Today there are those – in the euro zone for example—who still argue that this vision of fiscal rectitude and debt rescheduling, should be pursued … even at the cost of unemployment rates that exceed a quarter of the labor force, and which among youth reach astronomical levels of over 50%, not counting those who got so discouraged by the long lasting character of this condition that they stopped looking for work, and therefore do not appear in the statistics.
Free markets and competitive markets:
I would like to ban the word “free markets” from our lexicon, because it has been misinterpreted in so many quarters. A totally “free market” is an invitation to predators. What we really mean is “competitive markets”.
All competitive markets require an effective state apparatus behind them: property rights, binding contracts and effective judiciary to name but a few. They also require surveillance and transparency with properly audited financial data. Insider trading is criminalized and prosecuted. Anti-trust laws to prevent monopoly are in place, and are enforced.
Envoi:
It is time to redesign the paradigm of international governance to introduce a more proper reflection of the power distribution of the world and the ethical representation of the inhabitants of the planet than that which was designed into the UN at the end of WW2. The G-20 is an improvement over the current distribution of the Security Council, but it is not an adequate substitute.

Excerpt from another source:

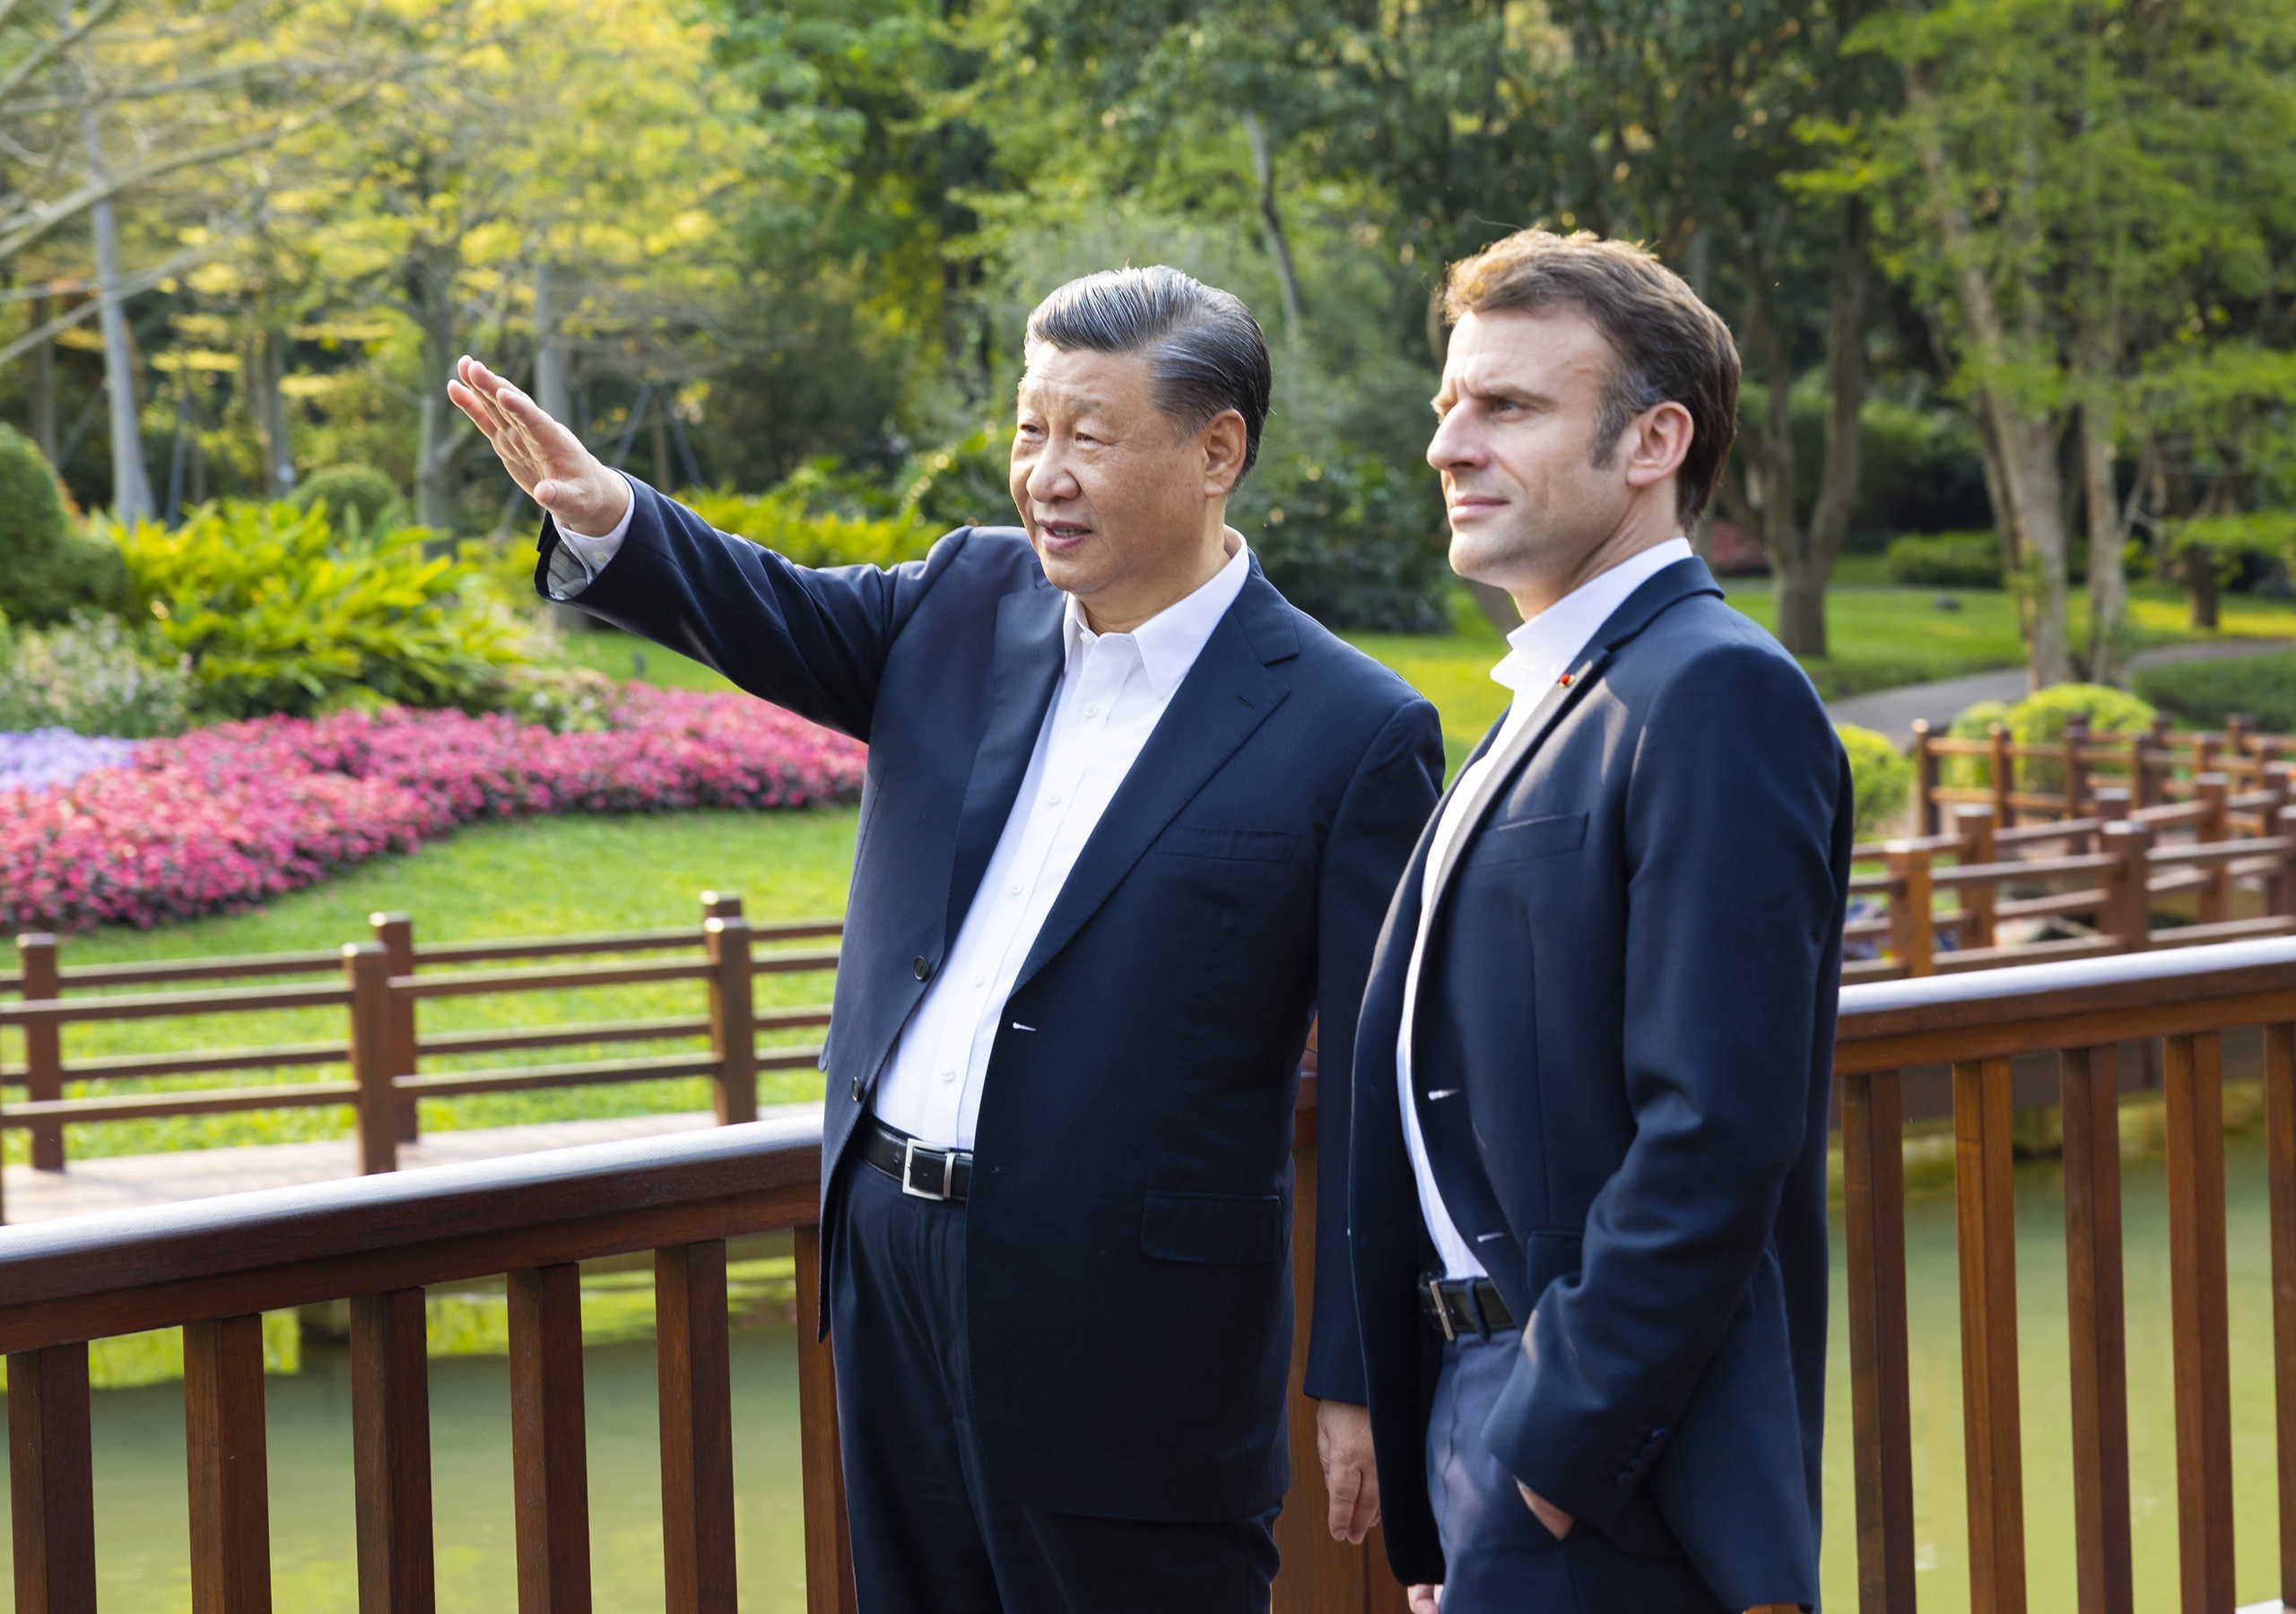 French President Emmanuel Macron is visiting his Chinese counterpart Xi Jinping earlier this week.

It is time that we recognize the needs of the planet, of environment, of sustainable development in a new framework for international decision-making which would take into account the interaction of human transactions with the global climate and our planetary and local environments.
It is time that we designed new goals for post-2015 that will ensure that the benefits of education, health and nutrition reach all the human family.
It is time that ethical views governed how we judge the policies we adopt, in full cognizance of their human and social impacts.
It is time to protect the advantages of the global and local “competitive markets” and nurture equity as much as innovation and entrepreneurship.
It is time that our top political and economic decision-makers act wisely to achieve all of that, in keeping with the words often addressed to jurists : “go forth unto the world and fashion those wise constraints that make people free”.
Thank you.
[1] Adam Smith was a true visionary and so completely has his thinking been accepted today that we often forget just how revolutionary he was. He was also a profound thinker about ethics as much as society, and his thoughts on “The Theory Of Moral Sentiments” were important in their day, even if his lasting contribution is seen to be “The Wealth Of Nations” published in 1776.
[2] Incidentally, here is the actual quote on the invisible hand: “As every individual, therefore, endeavours as much as he can … to employ his capital …He generally, indeed, neither intends to promote the public interest, nor knows how much he is promoting it. … he intends only his own gain, and he is in this, as in many other cases, led by an invisible hand to promote an end which was no part of his intention”.
[3] Smith also recognized that public goods would not be financed or undertaken by the private sector: “…[the state is responsible] for erecting and maintaining those public institutions and those public works, which though they may be in the highest degree advantageous to a great society, are, however, of such a nature, that the profit could never repay the expense to any individual or small number of individuals, and which it, therefore, cannot be expected that any individual or small number of individuals should erect or maintain.” He gave as example of a public good the general education of all the people.